Object.freeze is almost a good way to go, if we want to turn a variable into immutable state, but … it can easily mutate, because Object.freeze freezes an object at one level. If you have nested objects, then nested object can be changed.

Nicolás Bevacqua wrote

Nothing prevents you from applying Object.freeze recursively, but that was beyond the point of the article.

const freeze = o => {
  if (o !== null && o !== undefined && typeof o !== 'string') {
    Object
      .keys(o)
      .forEach(key => freeze(o[key]))
  }
  return Object.freeze(o)
}
barbu wrote

Why checking only for string and not number? or boolean?
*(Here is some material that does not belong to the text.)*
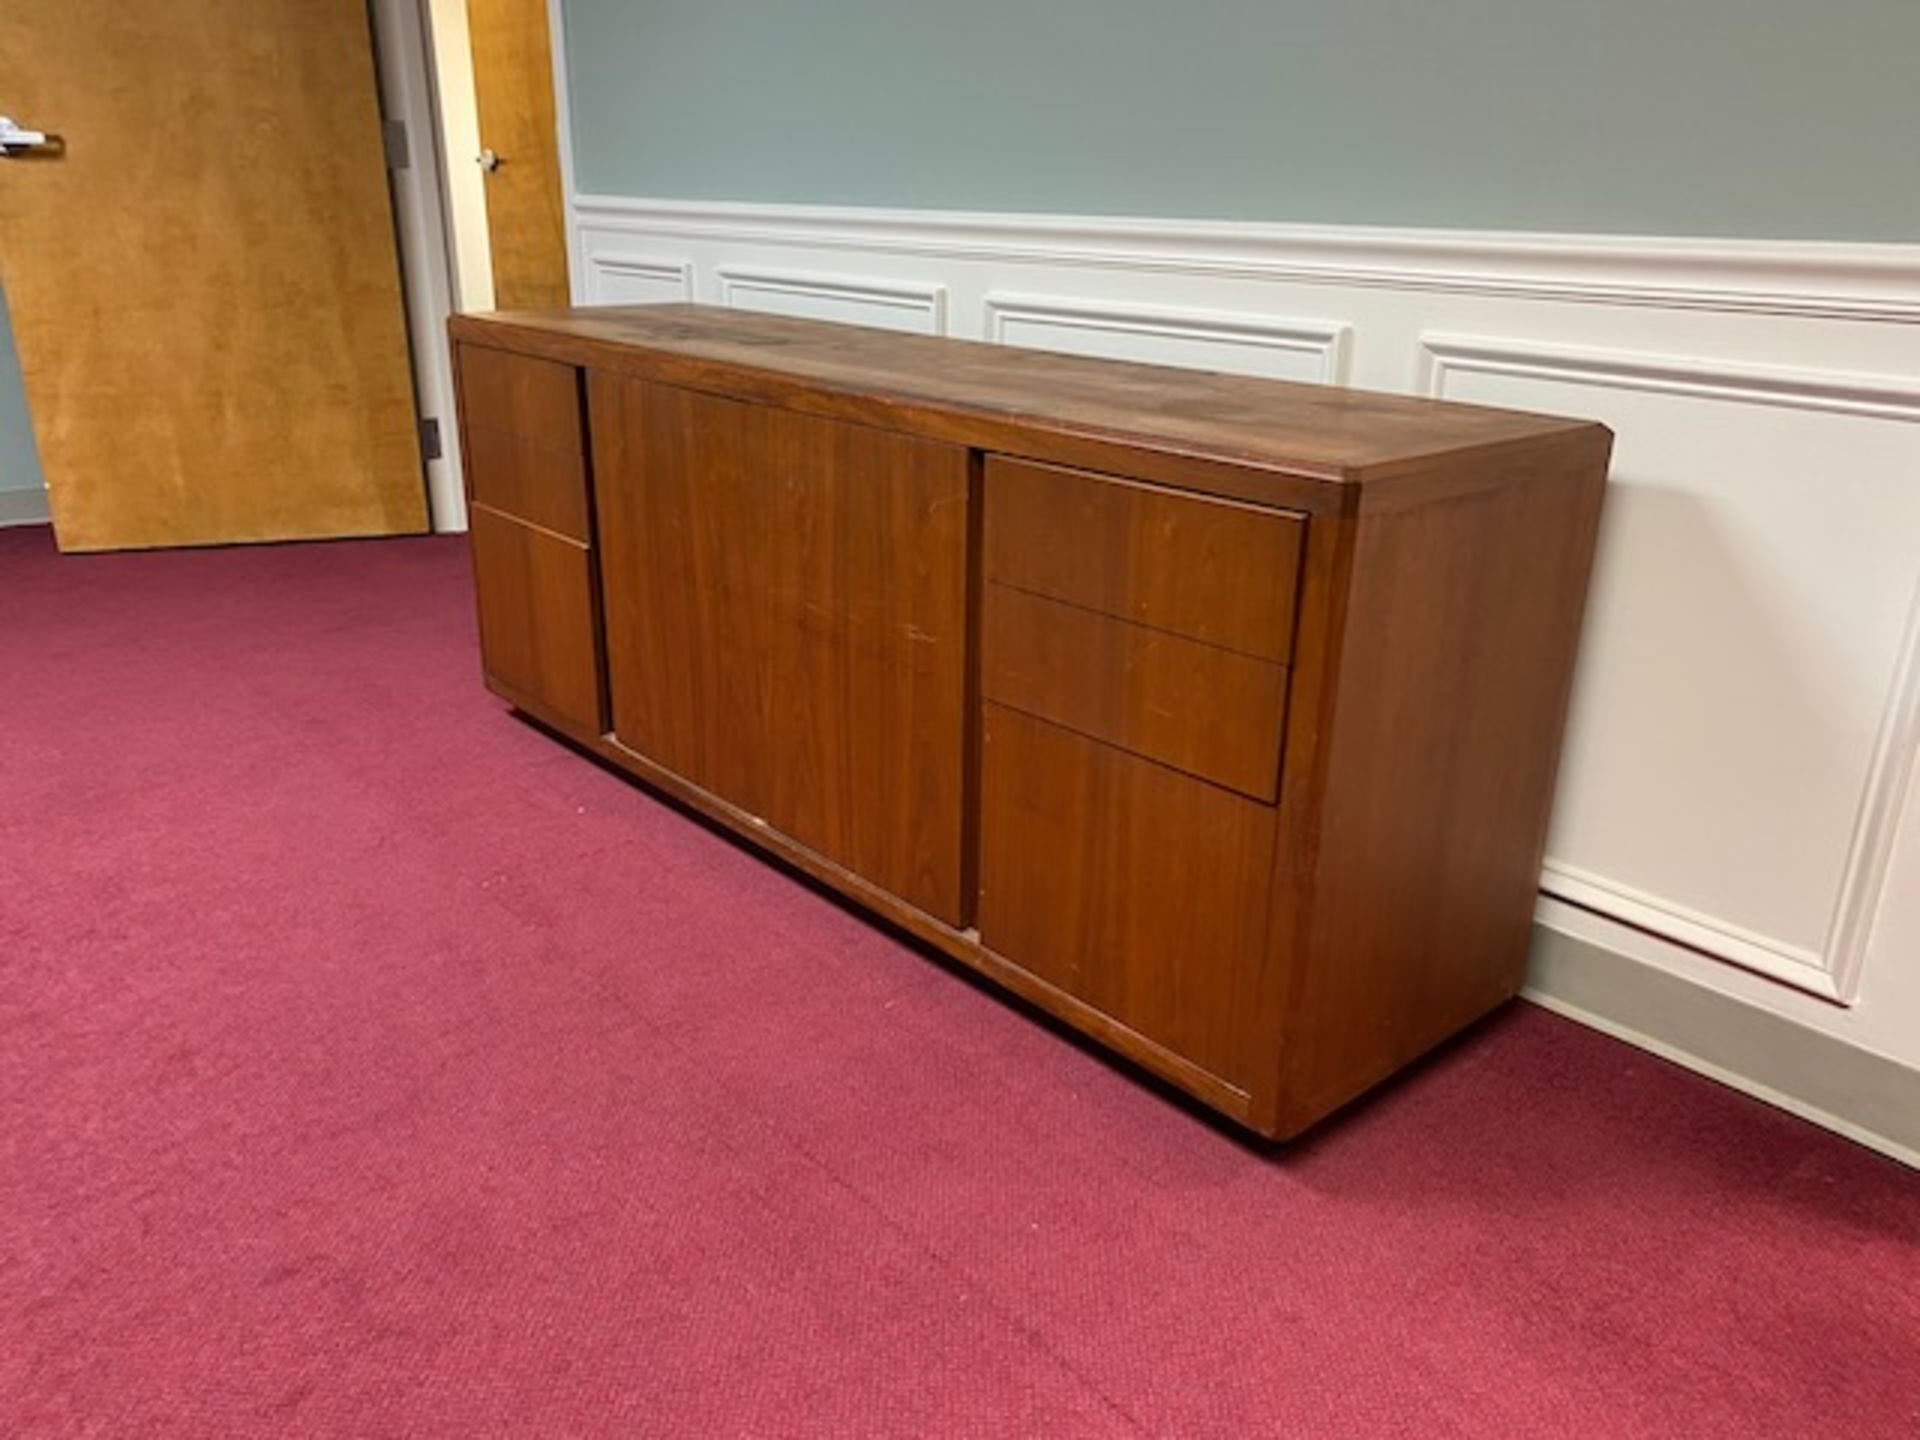 Conference Room Table 48" x 12'4" W/ credenza - Image 2 of 2

if (o !== null && o !== undefined && typeof o !== 'string') {
Nicolás Bevacqua wrote

I was specifically checking for strings as a hack, because 'a'[0] === 'a' means any strings would result in infinite recursion.

A better idea would be to keep a Set (you can read more about Set here) of "seen references" as a circuit-breaker, avoiding unwarranted recursion. We need to keep the null and undefined checks so that Object.keys doesn’t throw.

const freeze = (o, seen = new Set()) => {
  if (o !== null && o !== undefined) {
    Object
      .keys(o)
      .forEach(key => {
        if (seen.has(o[key])) {
          return
        }
        seen.add(o[key])
        freeze(o[key], seen)
      })
  }
  return Object.freeze(o)
}

I was lazy! 😅

Soji wrote

For immutable objects

const obj = {}; Object.defineProperty( obj, "propertyName", { value: "a value", writable: false, enumerable: true, configurable: true }); Object.seal(obj);